4. Objection. The language of the 2008 Senate Resolution 511 on McCain in the following line: 


…Whereas John Sidney McCain, III, was born to American citizens on an American military base...


merely states the personal circumstances of McCain (really born to both American citizens), just as if it stated a few other particularities of the newborn like being a boy, having particular weight, eye color, and so on. This phrase in the resolution has nothing to do with "born to citizen parents on the soil" from Law of Nations.

   Answer. The authors of the Sen. Res. 511 were intelligent enough to realize that personal particularities of a newborn are irrelevant for the Constitutional requirements. They included into the Resolution the criterion which they believed was relevant – and it happened to be that from Law of Nations.


5. Objection. The fact, that all presidents after the Founders and up before Obama did satisfy the criterion "born to citizen parents on the soil" does not illustrate the continuity of understanding and fulfillment of the concept Natural Born meant in the Constitution. The fact that they all matched this criterion was just a coincidence irrelevant to the Constitutional meaning of Natural Born. It's the same coincidence like that all of the former presidents were white males.

   Answer. It's a damn law probability that 40 presidents in 200 years all happened to meet the Law of Nation criterion by chance. The Law of Nation criterion was what the Founders meant and wrote into the Constitution, understood as such and disliked as such by those who had attempted to amend it (see above). That is why all presidents prior to Obama did satisfy it.


6. Objection. There were plenty of cases in the past concerning (ordinary, common) citizenship, in which side opinions were filed as though Natural born citizenship follows merely from the birth on the soil (like in British law).    

   Answer. As the answer 3 shows, the Founders clearly meant the Law of Nation definition. As to side opinions in various court trials…

a)      No court trial in the US history has ever heard a case questioning Natural born citizenship of a plaintiff for being a presidential candidate. All such cases decided only common citizenship of plaintiffs, and the rulings contained explanation of various types of citizenship including the Natural born. In 4 of such side opinions the explanation of the Natural Born was identical to Law of Nations, in a few others – otherwise.

b)      Even if a case about Natural born citizenship as a qualification for presidency had been heard and decided in favor of a particular definition, the court ruling is not a law, but merely a precedent for future similar cases. Even then, in future hearing of such cases, a precedent is not a law, but only an argument in deliberations, which may be accepted or not. As no court hearing on qualifications of Obama had been ever heard in merits, referring to any side opinions in the past is pointless.

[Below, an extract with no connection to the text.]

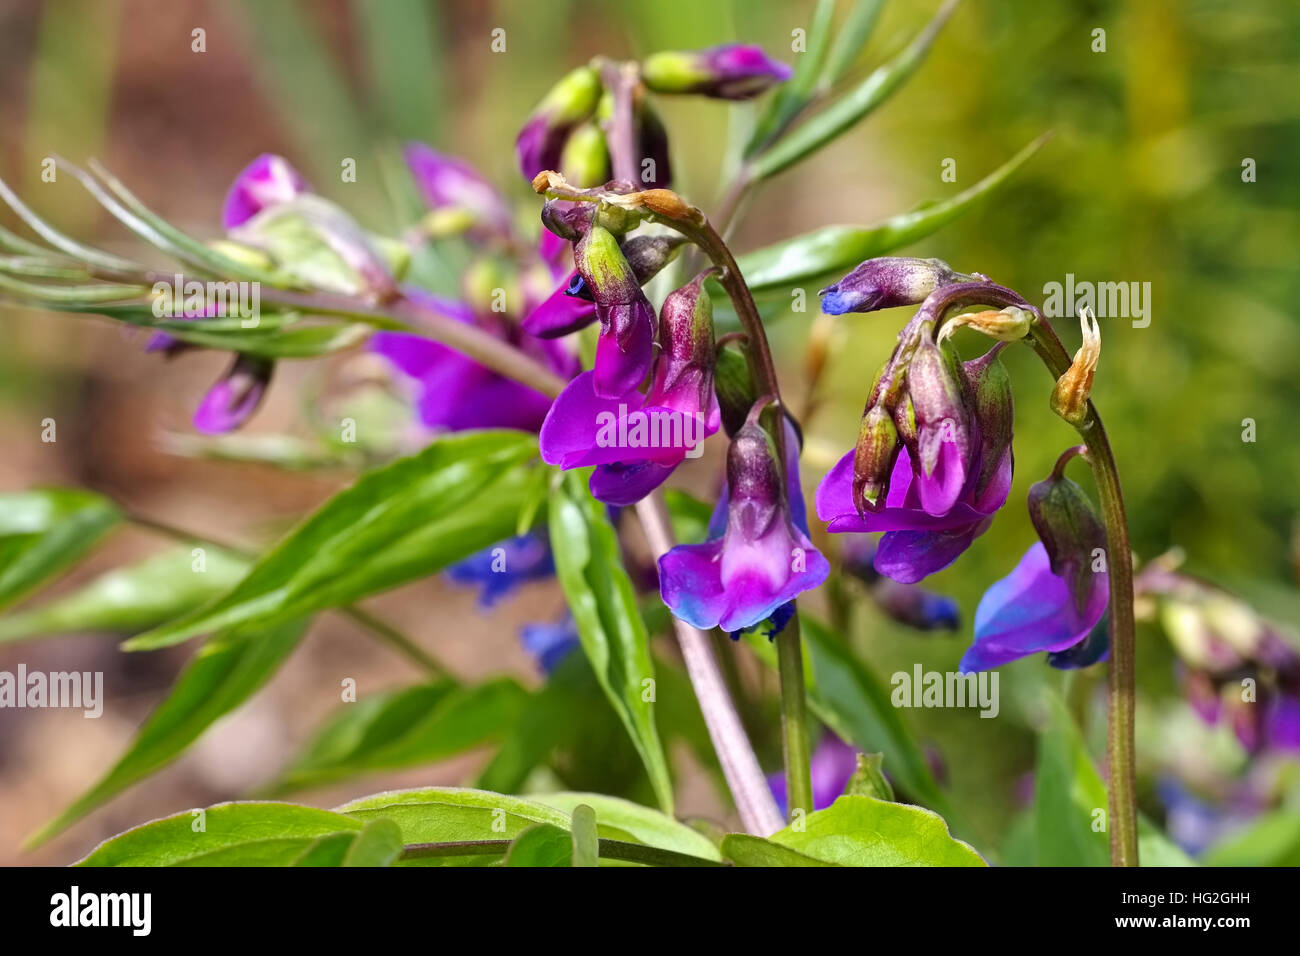 Frühlings-Platterbse im Frühling - spring pea or Lathyrus vernus is blooming in garden Stock Photo

c)      Qualifications of candidates for presidency are supposed to be weighed by parties based on Constitution and laws, not precedents. The Constitution and the terminology used in it clearly prescribes the concept of the Natural Born according to Law of Nations, as it was maintained up to the 2008 Sen. Res. 511.

See also http://puzo1.blogspot.com  Mario Apuzzo, Esq

http://www.newswithviews.com/JBWilliams/williams300.htm   (J.B. Williams, End of American Presidency)

(*)  There was only one occasion when the term Natural Born Citizenship was spelled out, though in inappropriate place – in a legislation concerning the Naturalization law in the 1st Congress Act of 1790. As this Natural Law term slipped into a section of the common law of naturalization erroneously, it was repealed already in the 1795 Act and never reused again with such a purpose.